Inexcusable Provocation by U.S. Southern Command in Venezuela's Contiguous Zone


Hamilton, February 20, 2020.

In a press release on July 15, U.S. Southern Command stated that one of its warships, allegedly engaged in an "enhanced counter-narcotics operations" in the Caribbean had "challenged Venezuela's excessive maritime claim in international waters" in what it called a freedom of navigation operation. In response, the Venezuelan government has issued the following communiqué:

The Bolivarian Republic of Venezuela addresses the national and international community on the occasion of its denouncing of the infamous statements issued by the United States Southern Command through its official social media accounts, in which it points out that Venezuela is exercising "excessive control" over its jurisdictional waters, while the war vessel USS PINCKNEY (DDG-91) was sailing in our Contiguous Zone at a distance of sixteen point one (16.1) nautical miles from the Venezuelan coast.

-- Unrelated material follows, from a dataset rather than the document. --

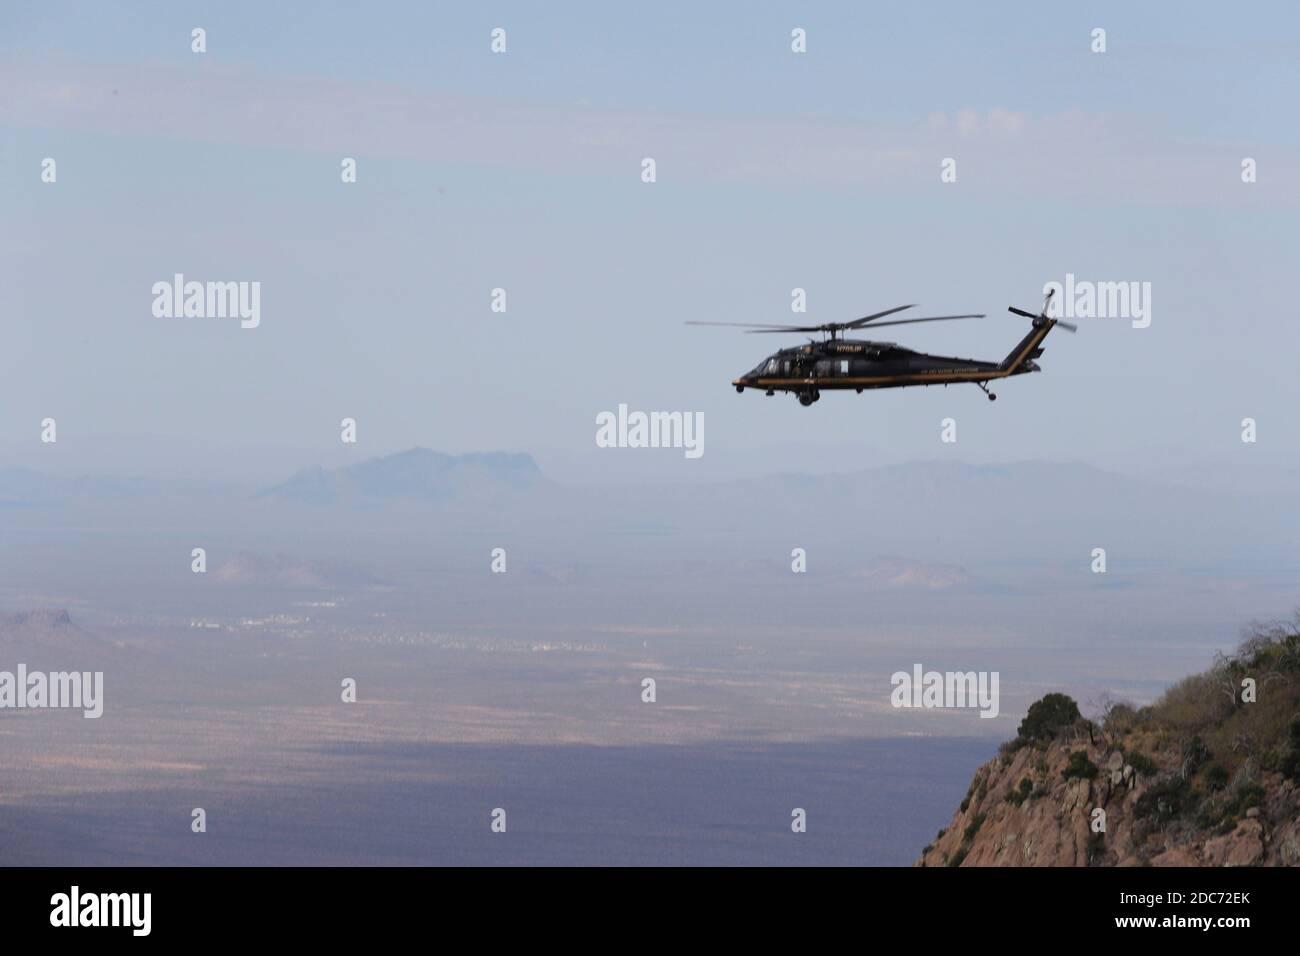 U.S. Department of Homeland Security Acting Deputy Secretary Ken Cuccinelli tours a newly constructed section of the Trump Wall by helicopter in the Tucson Sector November 2, 2020 near Tucson, Arizona. Stock Photo

The illegal entry of the U.S. vessel into Venezuelan jurisdictional waters is a clear violation of International Maritime Law and can only be described as an inexcusable act of provocation -- erratic and childish -- which is being carried out as a result of the recent visit of Donald Trump to the aforementioned military command in Florida, in his desperate campaign to attract the Latino vote in that state in exchange for permanent and illegal aggression against Venezuela.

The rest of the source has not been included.